Visually, beyond the wider rear end, Porsche enthusiasts praised the new Turbo for its revised headlights. The five-in-one system created to meet production installation-time requirements suffered some interior glue problems that gave some of the units the appearance of a smashed fried egg. New fixtures were more visually appealing in every way and they appeared on all facelifted 996s, including the C4S coupes and cabriolets that appeared in 2002. These updated the engine spec as well, with new displacement of 3,596cc, accomplished by lengthening stroke from 76 millimeters to 82.8. This, along with VarioCam Plus and other changes, brought horsepower up to 320 at 6,800 rpm.
“ The basic car in Porsche could only be the 911—at that time. Because it was the heart of the company.”
— Horst Marchart
Later that year, Porsche reintroduced the Targa. Engineers had been forced to rework the system that appeared on the 993 but sometimes jammed. Instead of welding the Targa assembly on top of the Cabrio body, now a robot inserted the entire structure into the interior through the windshield frame of a reinforced (but decapitated) coupe so attachment grew stronger when highspeed driving generated lift.

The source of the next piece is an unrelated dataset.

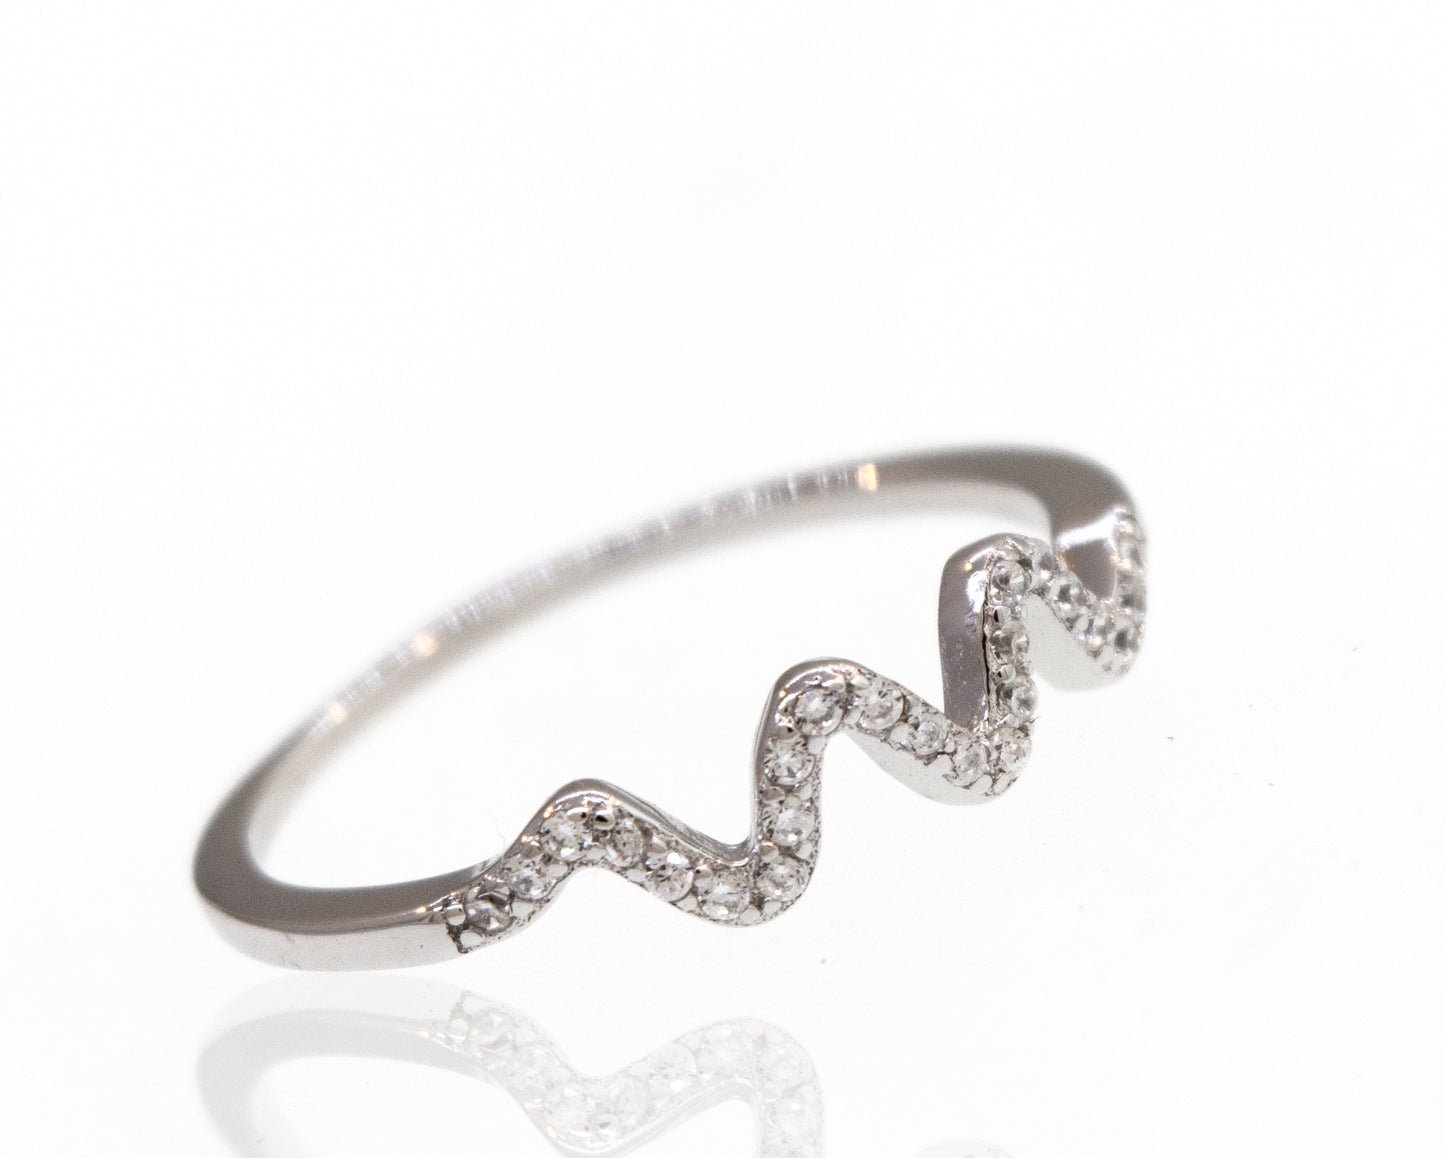 An elegant Wavy Pave Band engagement ring with diamonds on it.

In the summer of 2003, Porsche again celebrated an anniversary, commemorating this time forty years of 911 engineering, design, and production since the 1963 Frankfurt introduction. The 40th Anniversary 911, painted in GT Silver, arrived on a C2 platform with a specially tuned engine delivering 345 horsepower. Production ran to 1,963 cars and it heralded the coming of the next generation of water-cooled cars that began to appear within months.
As the 50th anniversary of the 911 approached, Marchart took another look back at the 996 in late 2012. “I am sure that if we were not in that crisis,” he said, “nobody would have given me the release to change the air-cooled engine to water-cooled. We were very proud because we were able to bring a new car to market without the help from VW or from Daimler. And we had this goal from the beginning, that the 996 will be a better car than the 993. If we had not made a better car, then there would be discussions in the house and in the press: Why did you make a new car if it’s not a better car?”